The middle portion of the film introduces everyone to the horrors of war, firstly by revealing the shellshocked detachment of Edward and Roland when they return home on leave. Roland in particular seems distant and angry, often snapping at Vera, impatient with her innocence. He recovers his loving nature sufficiently in order to propose marriage, but of course the wedding never happens. Roland is killed in France soon after, a year into hostilities. Grieving but galvanized, Vera abandons college, signs up to be a nurse, first on home soil, treating returning soldiers, then later on the front lines, in France. Initially, her challenge is to overcome the severity of her nursing supervisors, the grudging attitudes of her peers, who smell Oxford elitism upon her. But Vera is resilient, tough, and above all truth-seeking, which eventually wins her admirers. Most powerful is a scene in which she has sought out the commander of Roland’s former unit. Bravely, she penetrates the commander’s consoling platitudes and learns the full truth of her fiance’s dying ordeal.

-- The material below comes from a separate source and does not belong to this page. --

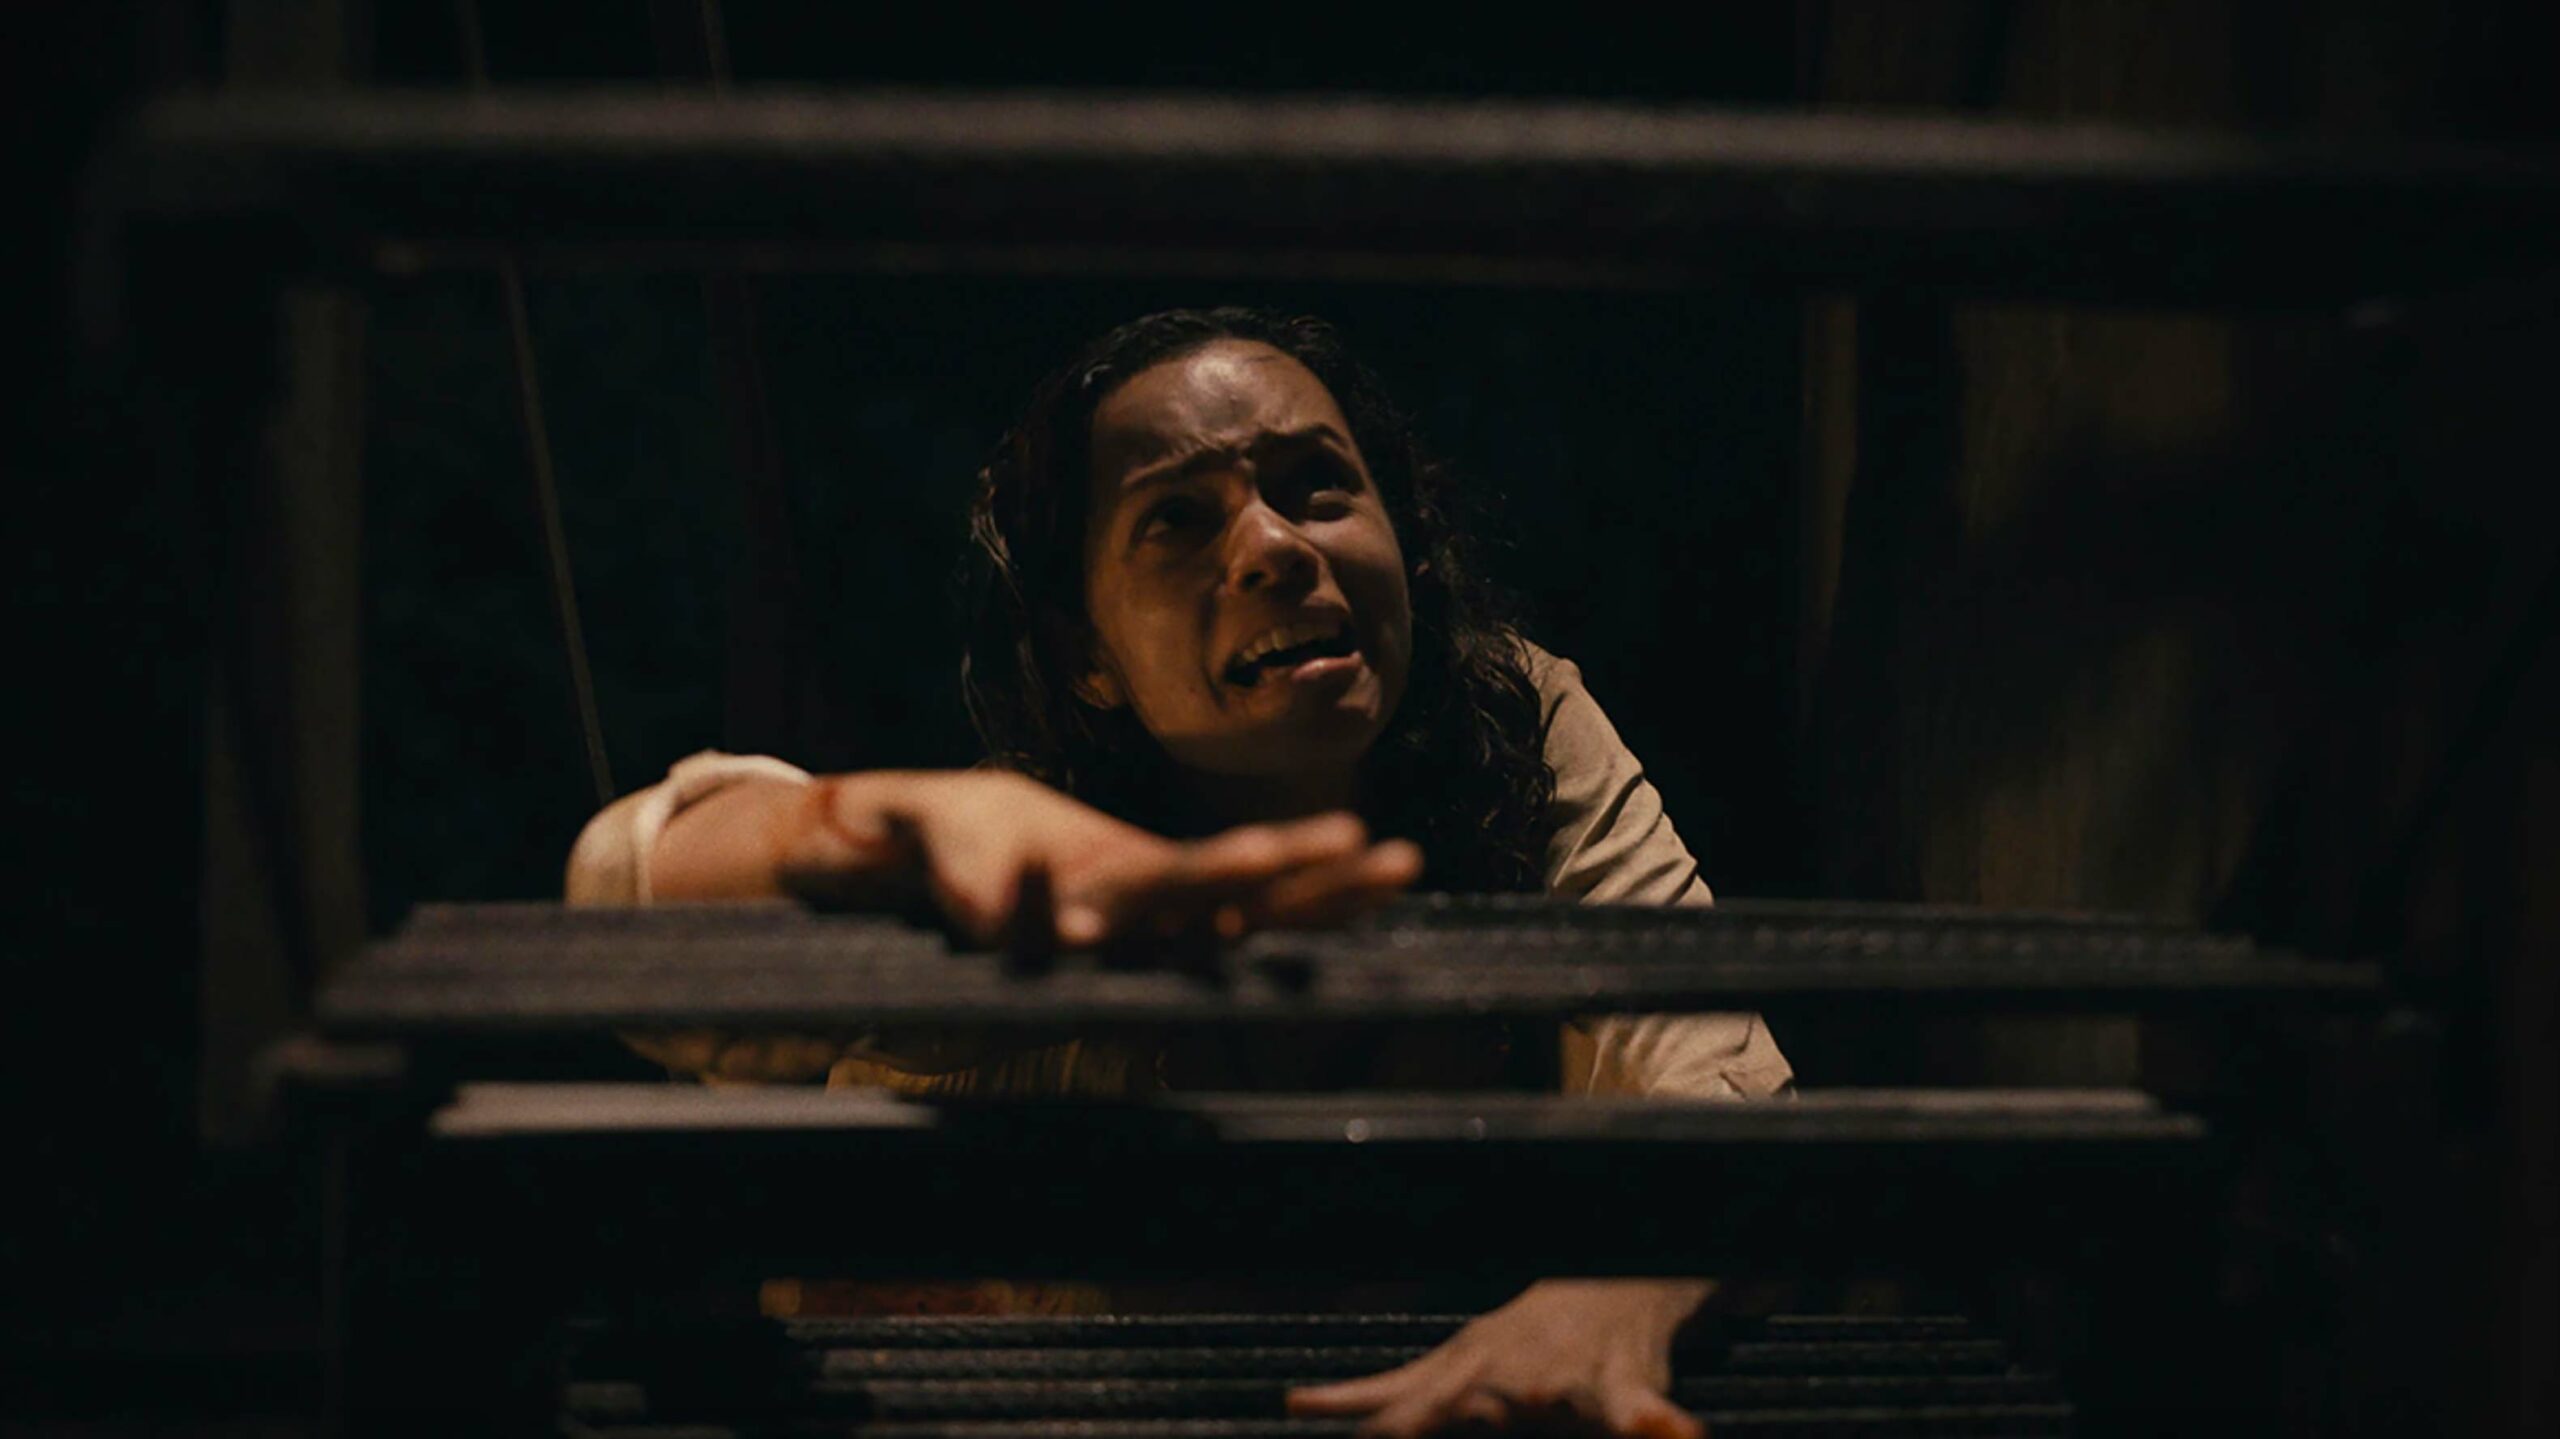 Tess, a young Black woman played by Georgina Campbell, in the 2022 horror movie Barbarian. She is crawling up stairs while crying.

It’s another turning point in the story, which plunges further into the horror of war, sparing no one the grisly details. On the front lines, Vera treats the maimed and the dying with increasing maturity but diminishing hope, all the while maintaining a grim hold on reality. One after another, characters perish. Finally, and inevitably, Vera learns that her brother Edward has also fallen victim. At this point it is 1917, just before the end of the war. On Armistice day, she wades through a crowd of revelers, unable to join in celebrations, for everyone she has loved is either dead or has been broken irrevocably. At her home in the countryside, her mother dithers, a shadow of her once vital self. She is unable to get out of bed. Her father is quiet, at times sobbing–a lonely, depressed man. The film’s climax is a town hall meeting: Vera takes the stage and shouts down a raucous crowd which is protesting the notion that Germany might receive any leniency in post war negotiations. She displays her credentials, her irrefutable losses, but recounts the moment in which her knowledge of German was put to good use. It was a death scene: one in which she hovers over a dying “Hun”, apparently taking in a confession that fights against the man’s final breaths. In the meeting, unlike the earlier scene, Vera discloses the content of the man’s thoughts: a plea for forgiveness from a former sweetheart; a moment of redemption that equalizes friends and enemies.

Vera’s memoirs, written in sequence in the post-war years, were a testament to the realities of war, highlighting the ways in which women are changed by war.